Yes, adding some documentation or a warning would be useful. In my understanding the OperatorTest class serves to help a user check if the implementation of an operator derivative, adjoint etc. is correct. If this is not reliable (even if this is due to external libraries), then this probably causes confusion instead of fulfilling its purpose and the user should be at least warned.

I agree to your general sentiment that failing diagnostics can be confusing if they just reflect expected behavior (from the implementation point of view).

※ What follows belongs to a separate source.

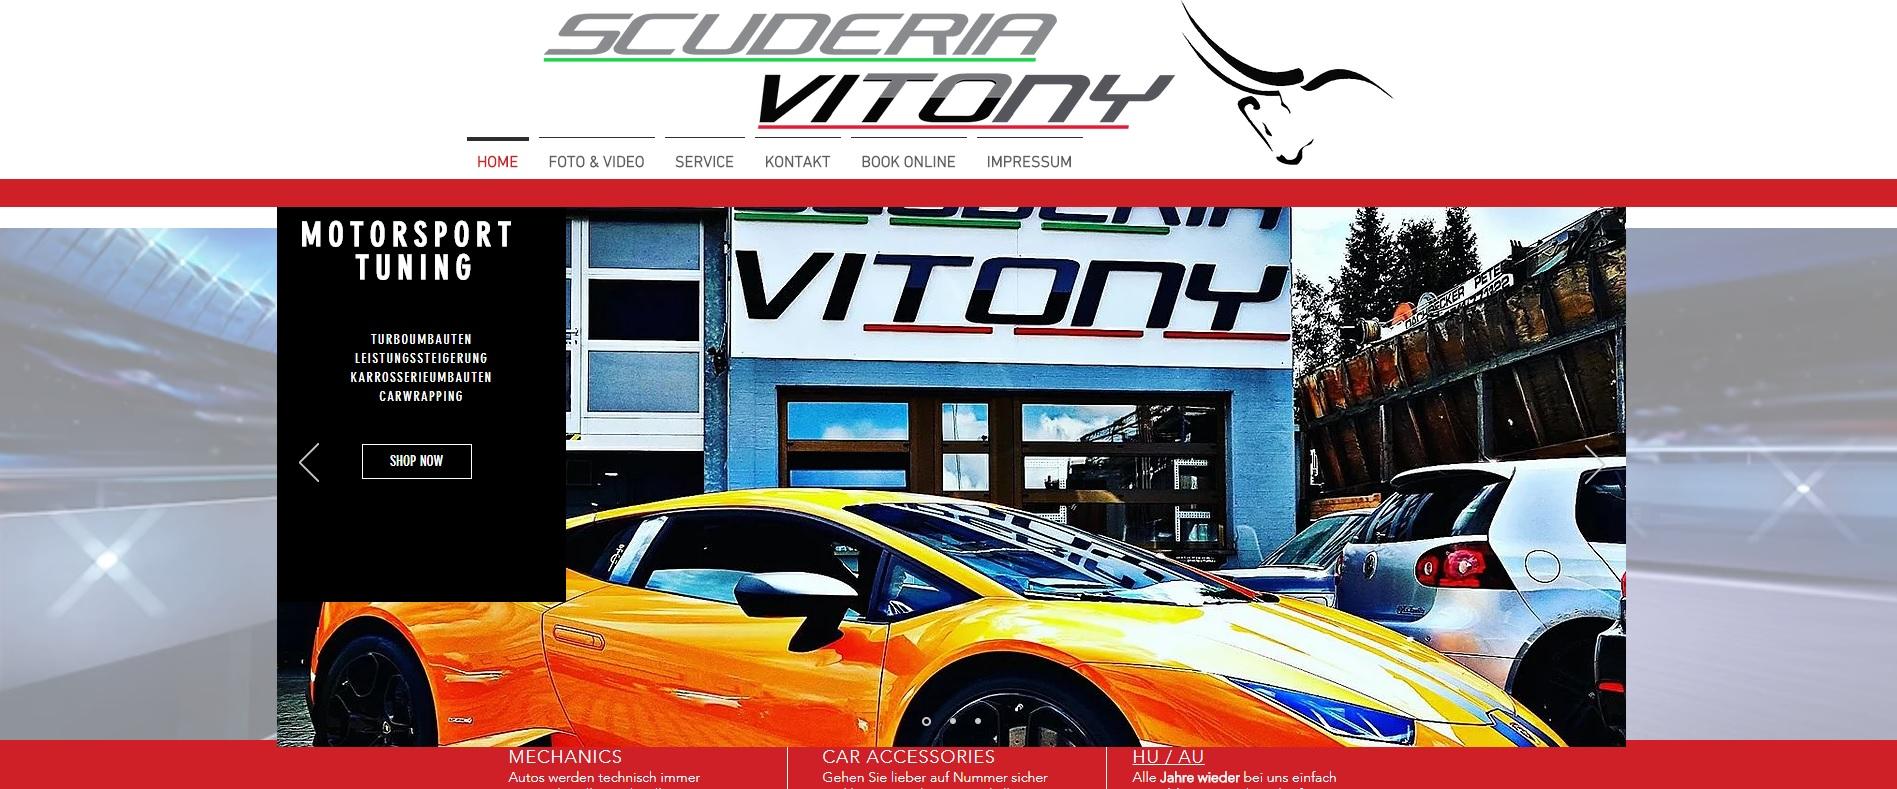 Scuderia Vitony

Let me just add that the typical user who makes use of that functionality is probably an advanced user who likes to get some quick correctness test for a custom operator they implemented. In that scenario, the diagnostics typically give a much larger error initially if there's a real issue in the implementation, more like in the order of 1. After fixing the bugs, the error may go down to single precision error. Since the user likely has a good understanding of the implementation details, they can tell if a failure is more likely due to loss of precision in one of the steps, or due to another, more subtle bug.

The diagnostics are less useful as a tool for somebody who browses the library and tests some random operator from the shelf. That said, we should definitely clarify the intention of this subpackage, and explain how to interpret results.

Also note that the linearity failure you observed was in an internal method that would not have been called by the public OperatorTest.derivative method.

If you run the adjointness tests you will see similar things with the ray transform. Adjointness is much harder to get correct, and with external libraries there's just nothing you can do but hope that they fix the issue for you.